[EXERCISE INSTRUCTIONS]:
Working through the data below, reproduce word for word the line with "in 2018 ..." and every line after it, both ends included, and omit the pictures.

[PROVIDED DATA]:
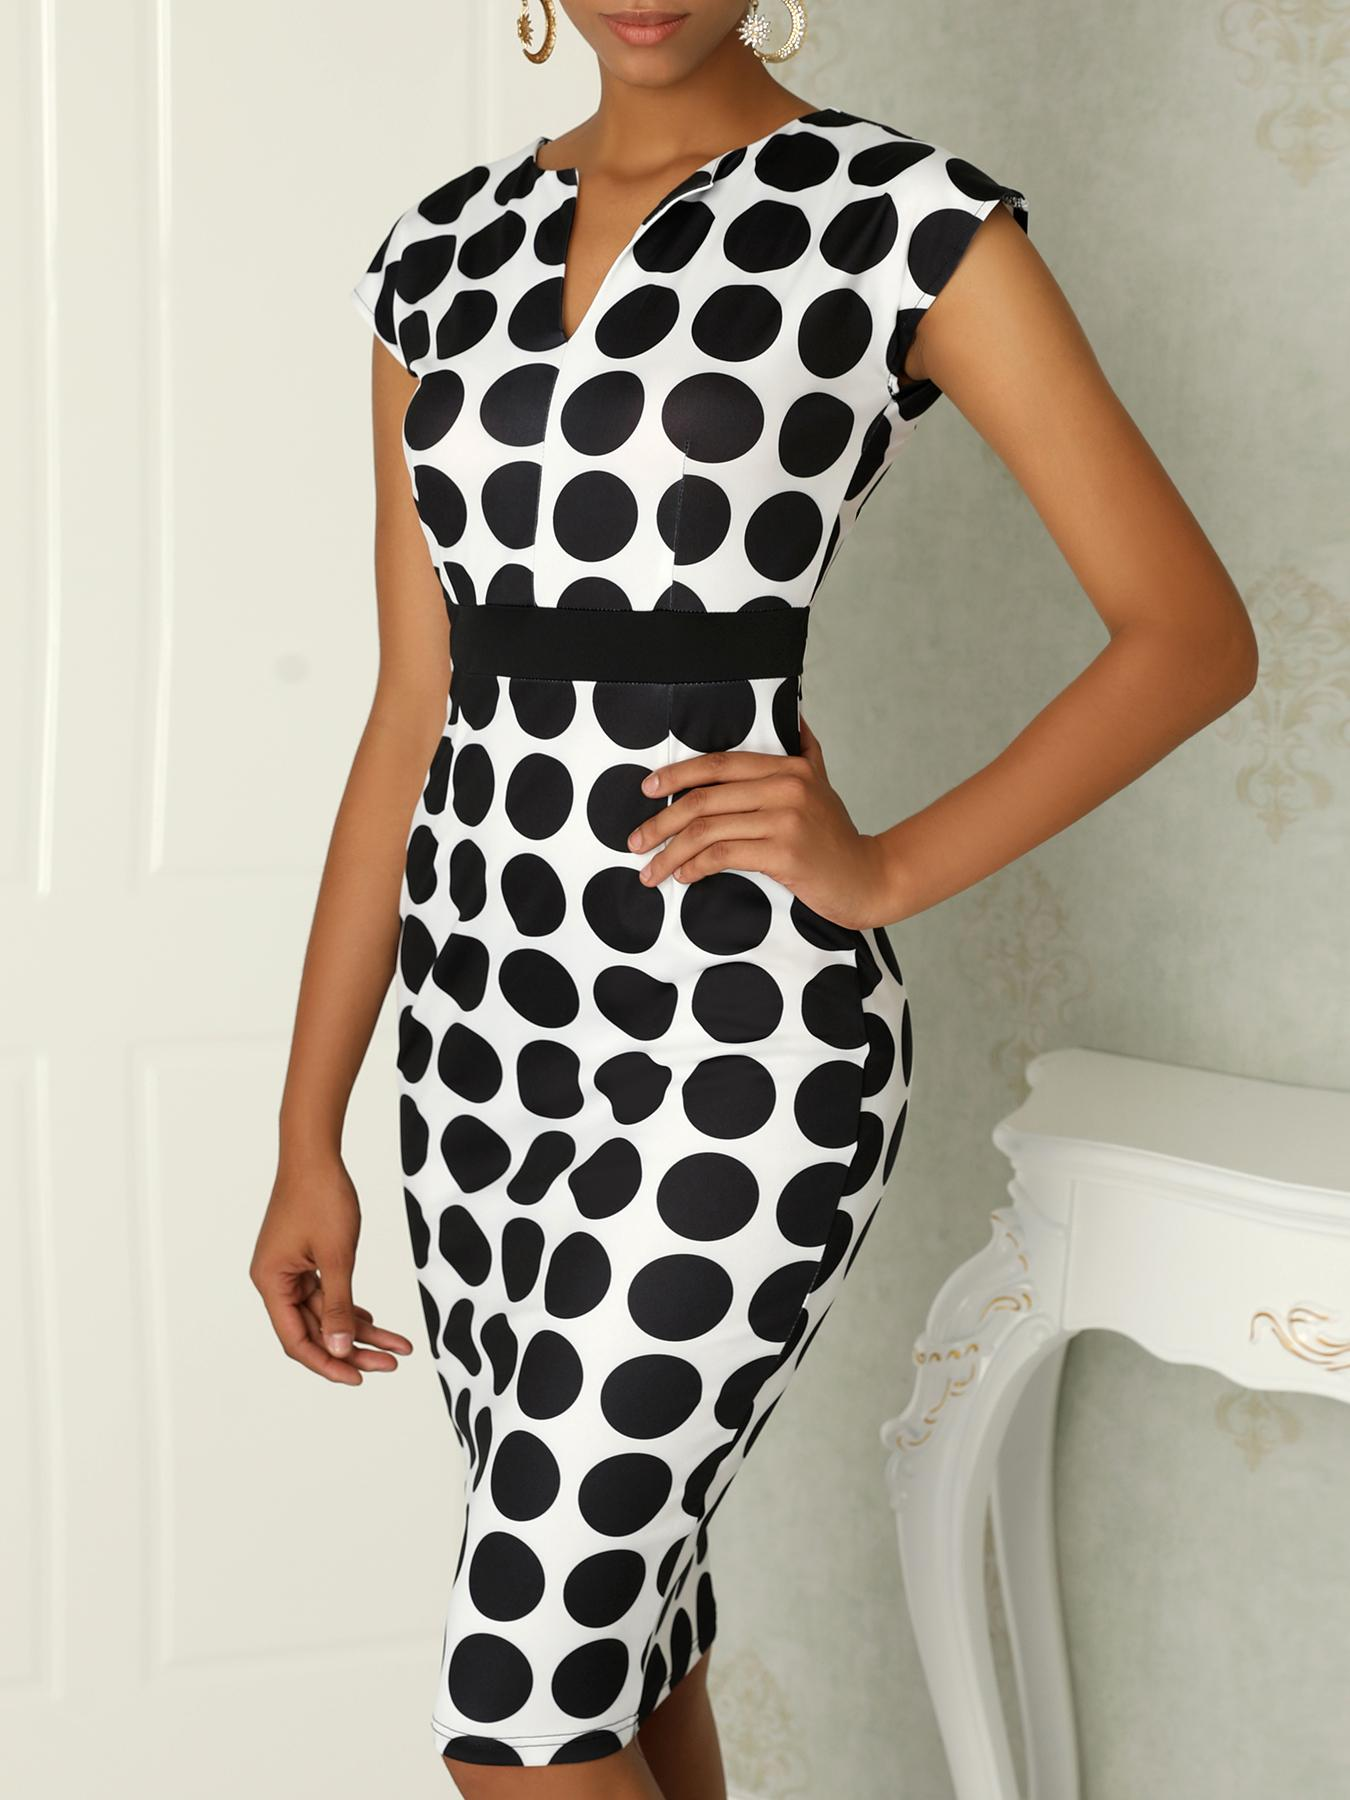 Formal Polka Dot Print V Neck Sheath Dress
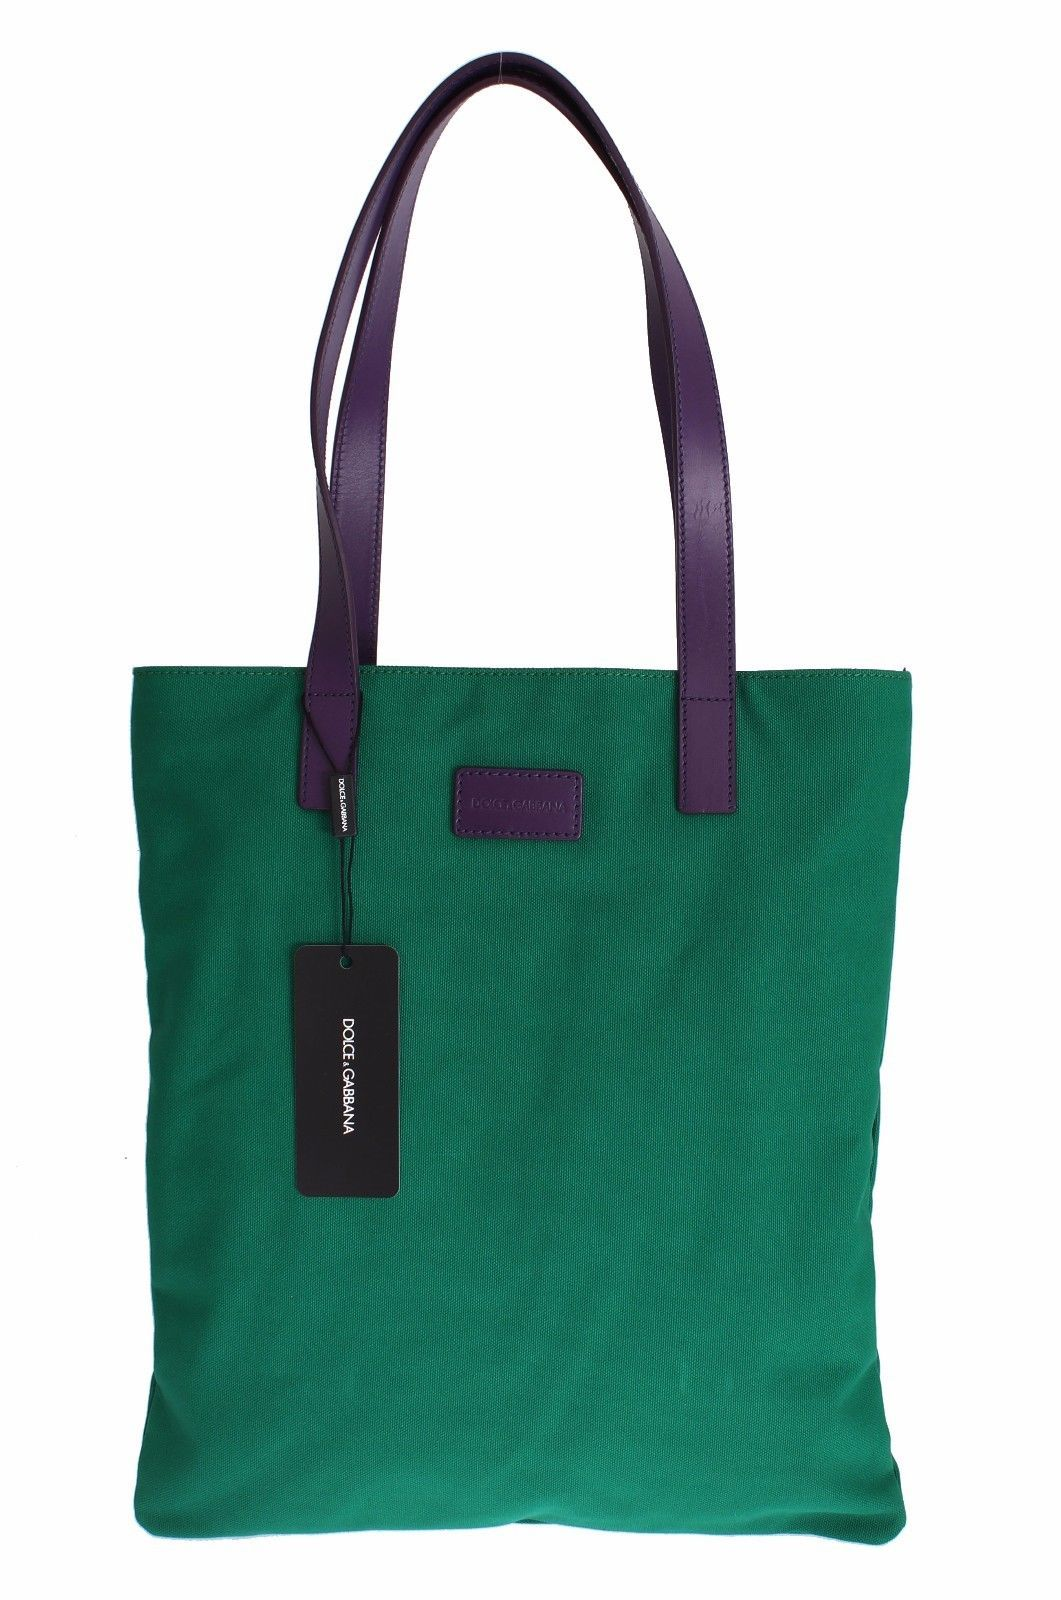 ed5fdfe51a71 Dolce   Gabbana Green Denim Leather Hand Shoulder Travel Bag in 2018 ...
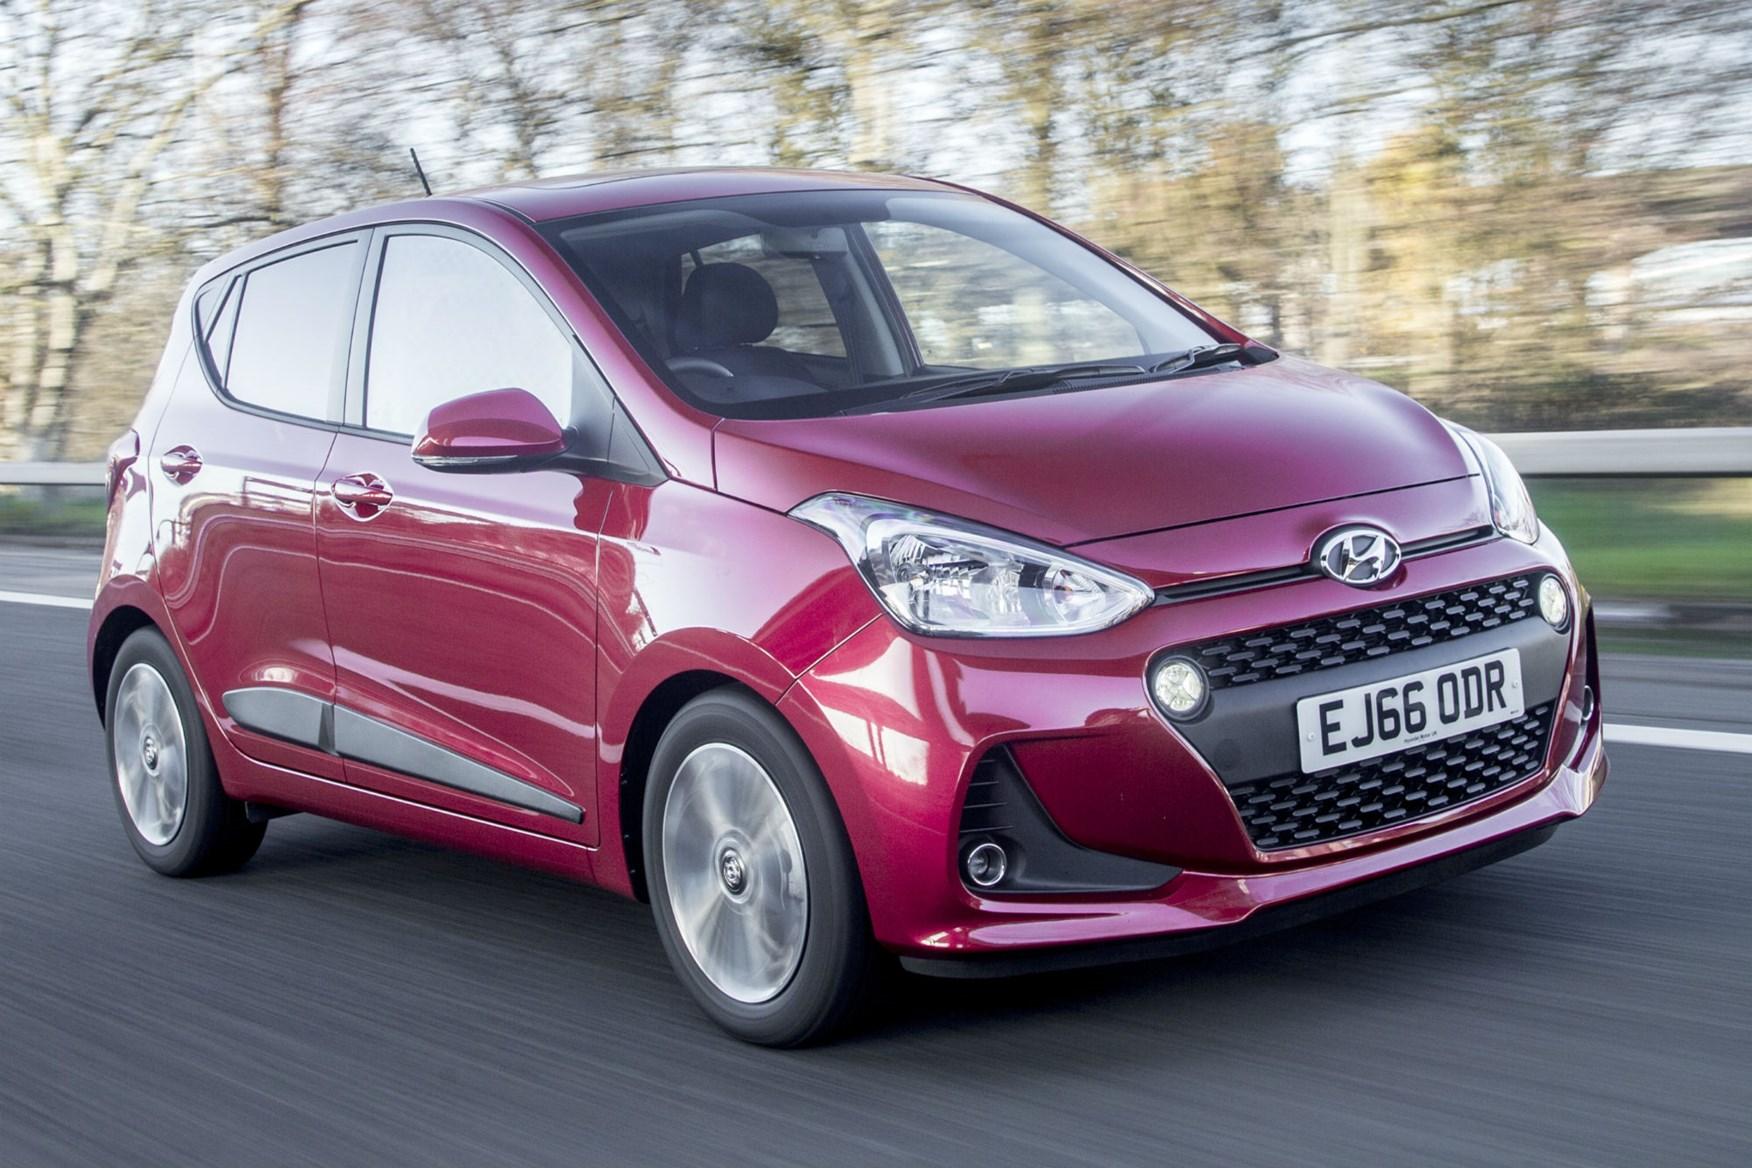 Pcp Finance Best New Car Deals For Under 163 100 Per Month

[EXPECTED ANSWER]:
 ed5fdfe51a71 Dolce   Gabbana Green Denim Leather Hand Shoulder Travel Bag in 2018 ...
 Pcp Finance Best New Car Deals For Under 163 100 Per Month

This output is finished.